106. The method of any one of claims 99-101 wherein the anti-scarring agent is selected from a retinoic acid receptor antagonist, a heat shock protein 90 antagonist, a steroid, a cell cycle inhibitor, a histone deacetylase inhibitor, an anti-microbial agent, an intracellular calcium flux inhibitor, an microtubule inhibitor, an HMGCoA reductase inhibitor, an actin polymerization and stabilization promoter, a tyrosine kinase inhibitor, a TGF beta inhibitor, a TNF-alpha antagonist, a TACE inhibitor, a calcineurin inhibitor, a peptidyl-prolyl cis/trans isomerase inhibitor, an apoptosis activator, an antimetabolite and anti-neoplastic agent, a TGF beta inhibitor, a DNA methylation promoter, and a PKC inhibitor.

107. The method of any one of claims 99-101 wherein the anti-scarring agent is selected from ZD-6474, AP-23573, synthadotin, S- 0885, aplidine, ixabepilone, IDN-5390, SB-2723005, ABT-518, combretastatin, anecortave acetate, SB-715992, temsirolimus, adalimumab, erucylphosphocholine, alphastatin, etanercept, humicade, gefitinib, isotretinoin, radicicol, clobetasol propionate, homoharringtonine, trichostatin A, brefeldin A, thapsigargin, dolastatin 15, cerivastatin, jasplakinolide, herbimycin A, pirfenidone, vinorelbine, 17-DMAG, tacrolimus, loteprednol etabonate, juglone, prednisolone, puromycin, 3-BAABE, cladribine, mannose-6-phosphate, 5-azacytidine, Ly333531 (ruboxistaurin), and simvastatin.

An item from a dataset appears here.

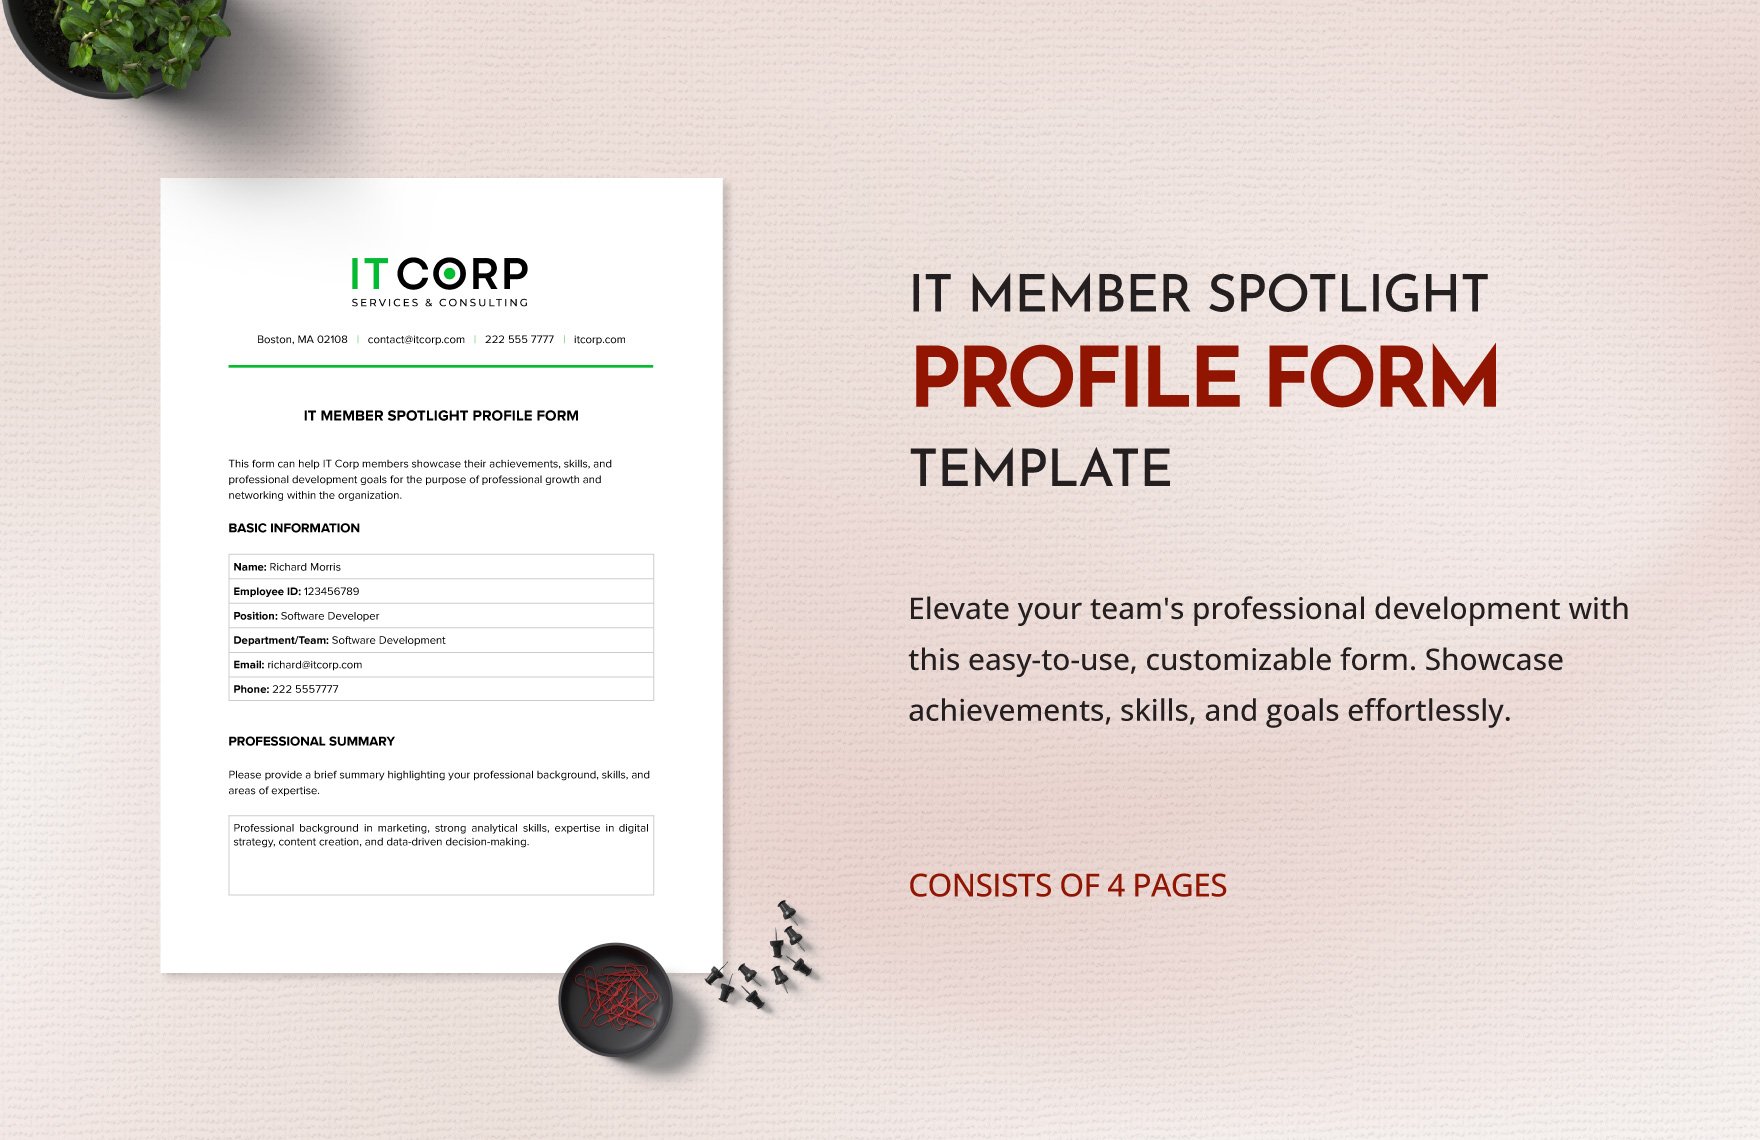 IT Member Spotlight Profile Form Template

-108. The method of any one oiclaims 99-107 wherein the composition further comprises an anti-infective agent selected from an anthracycline, doxorubicin, mitoxantrone, fluoropyrimidine, 5-fluorouracil, a folic acid antagonist, methotrexate, podophylotoxin, etoposide, camptothecin, hydroxyurea, a platinum complex, and cisplatin.

109. The method of any one of claims 99-107 wherein the composition further comprises an anti-thrombotic agent.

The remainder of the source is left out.